El autócrata deviene en despiadado y resentido. Ejerce el poder con desenfreno. Impone un culto a la personalidad y le encanta ser ensalzado y glorificado, acumula halagos y honores.

El autócrata de acá levantó en el Palacio de Carondelet su propio museo, para trascender por los tiempos; y, recopiló decenas de doctorados honoris causa. Vanidoso y petulante decía: “Yo ya no soy yo. Soy todo un pueblo”.

El autócrata erige un Estado omnipotente, que se mezcla con su grandeza. Ahí, no hay ciudadanos sino súbditos, que obedecen al poder. Con todo el poder en sus manos, no conoce ni tiene mínimos éticos. Como jefe absoluto está en la cúspide del poder total; y, arrebatado, hace lo que quiere.

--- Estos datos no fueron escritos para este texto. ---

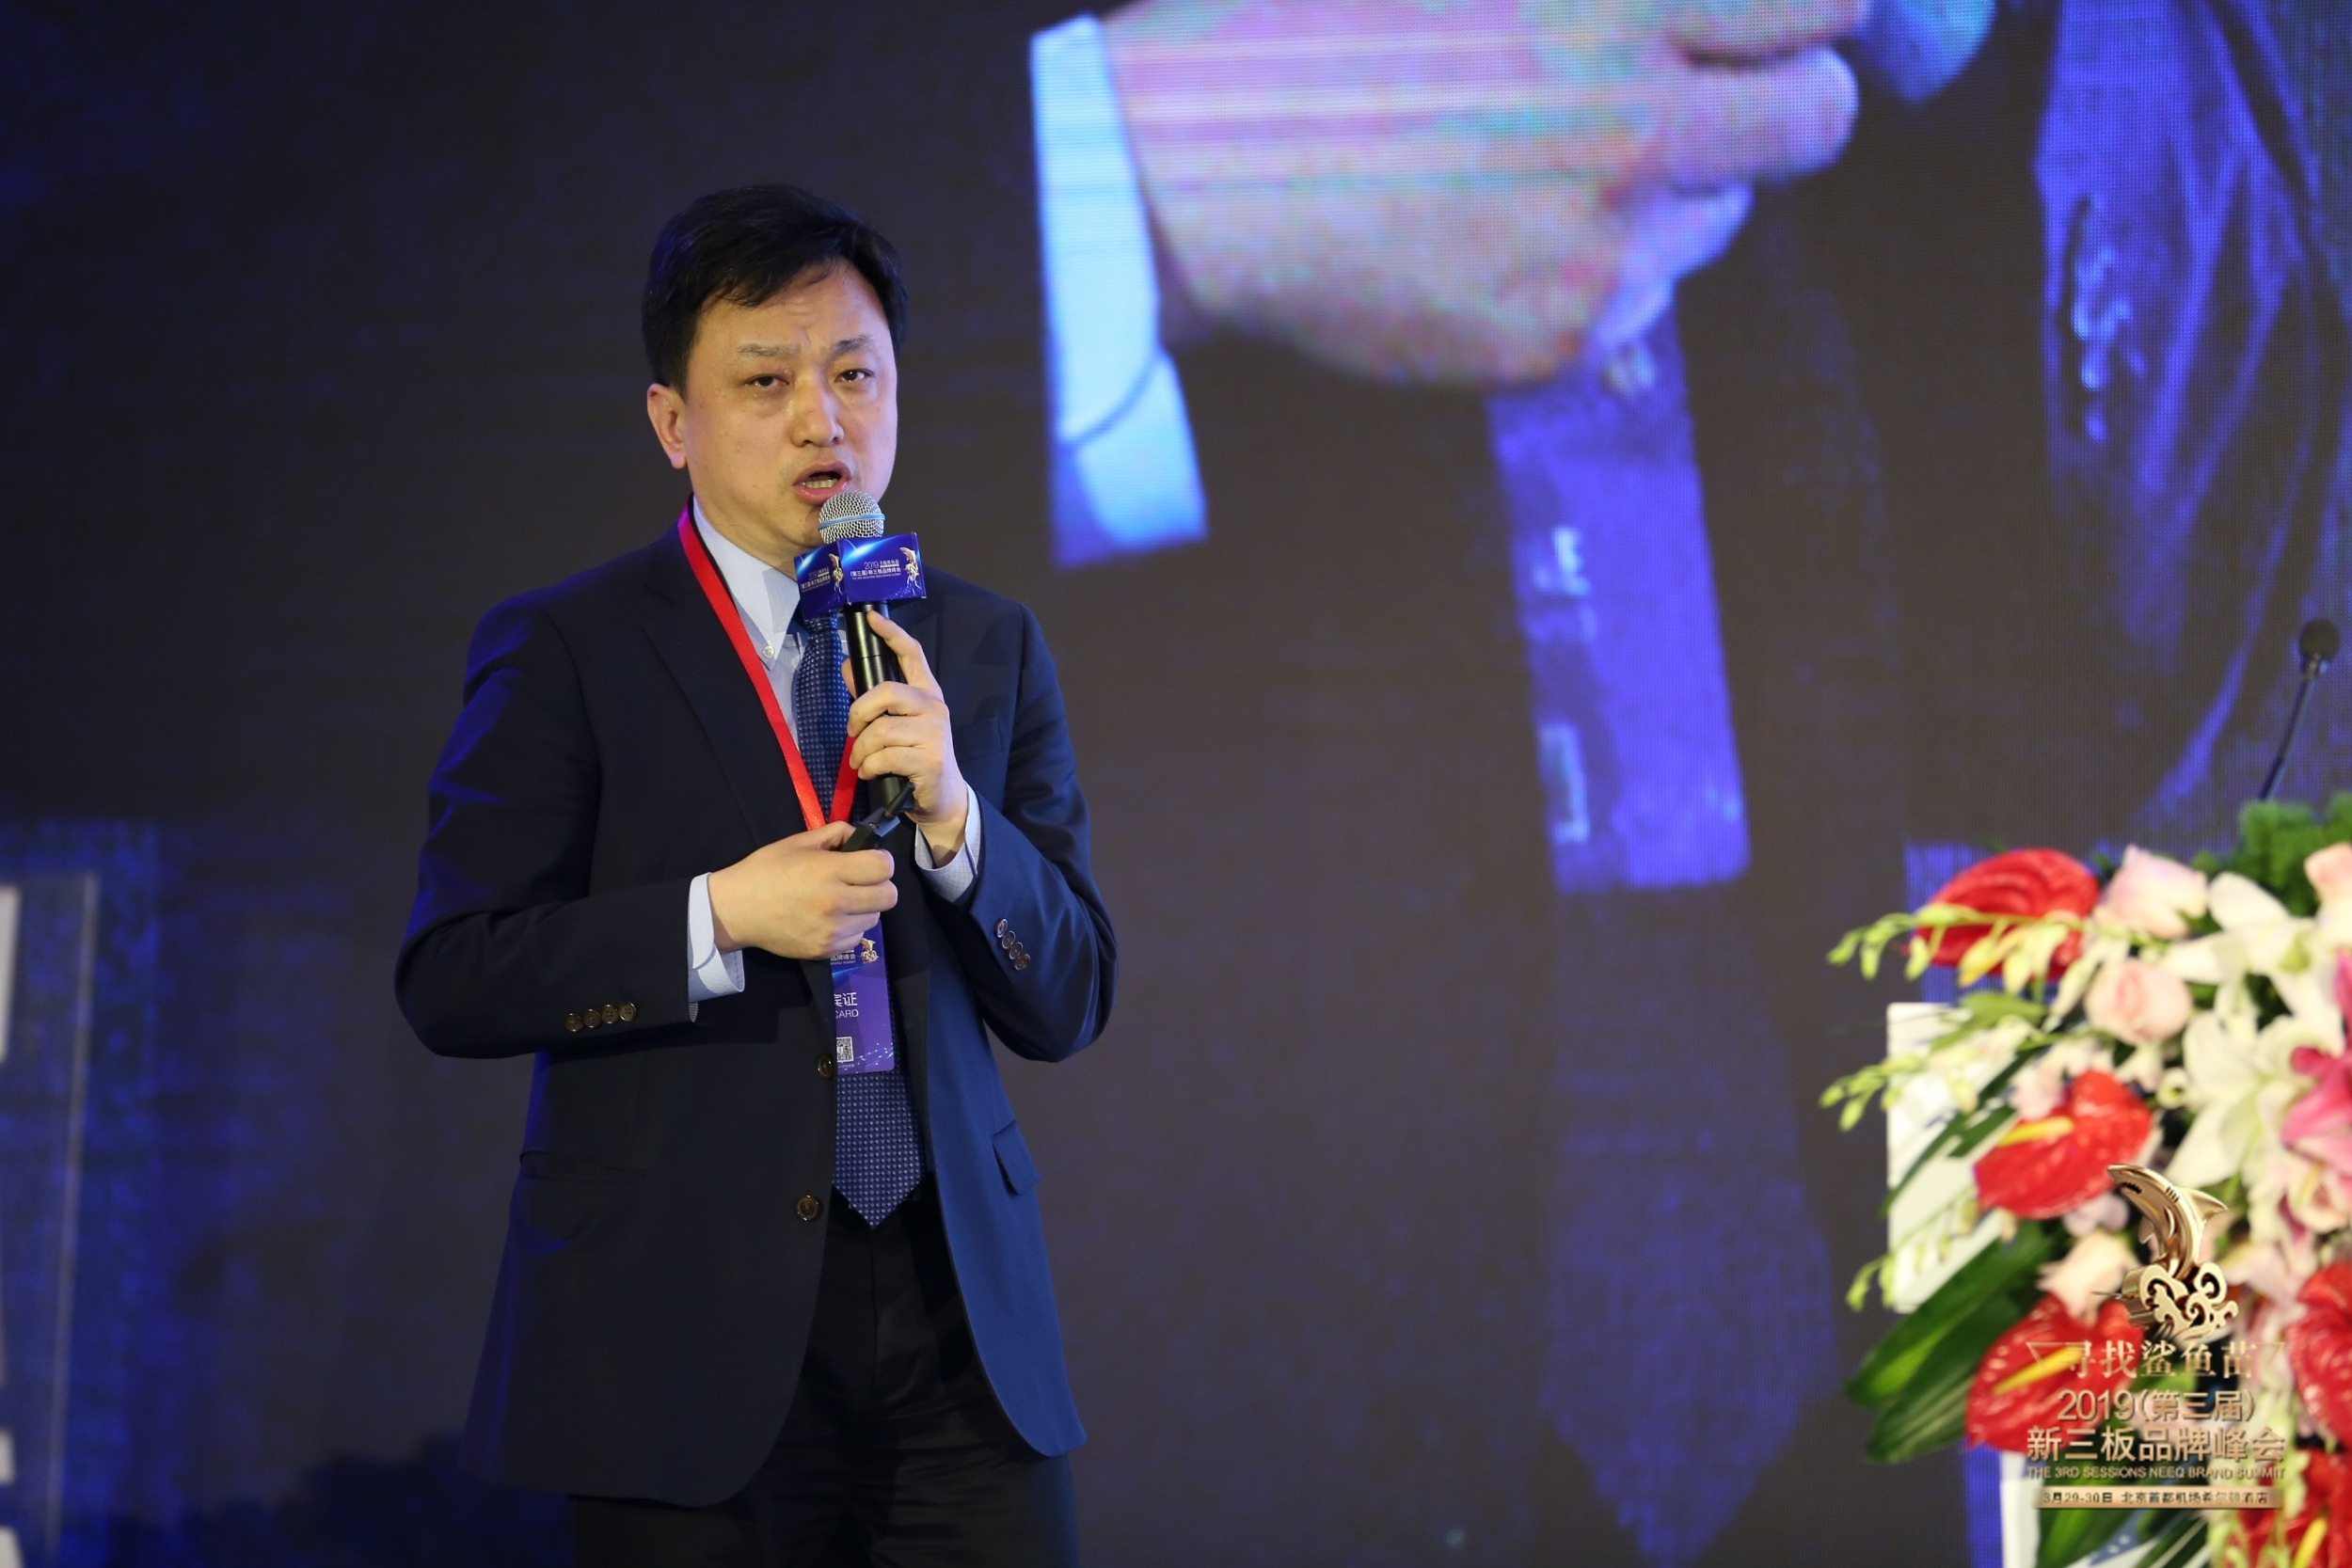 太平洋证券投资银行董事总经理 王晨光:迎接科创,变革拥抱,并购时代!会议实录

El autócrata es todopoderoso, mandamás y único. No puede admitir nada fuera de su designio. Eso no es posible. La justicia será homogénea porque todos le obedecen, leales a su poder y con deberes de gratitud, para perseguir y sentenciar a sus enemigos.

Es maniqueo: sus seguidores y obedientes son confiables. Los “otros”, enemigos perseguibles. Su política es absoluta. Conjuga el odio y el resentimiento. La política del amigo/enemigo. Detesta al que piense de otro modo. Son los “sufridores”, de quienes hay que burlarse y a quienes debe aplastar, humillar y destruir; porque es sarcástico, exaltado y vengativo.

En la autocracia, Estado y quien manda son una misma cosa (El Estado soy yo). Impone el orden y la cohesión. La uniformidad en el pensamiento. Siempre prevalece su única voluntad. No dialoga ni persuade. Impone. Nunca duda ni se equivoca porque se considera infalible. Todo el poder está a sus órdenes y el resto obedece. Su voluntad es superior y suprema. Incuestionable. Inapelable.

Como sostiene el Tribunal Penal de la Corte Nacional, no tuvimos un presidente sino un autócrata, que usó y abusó del poder despótico, despreciando la pluralidad e ignorando la dignidad humana. (O)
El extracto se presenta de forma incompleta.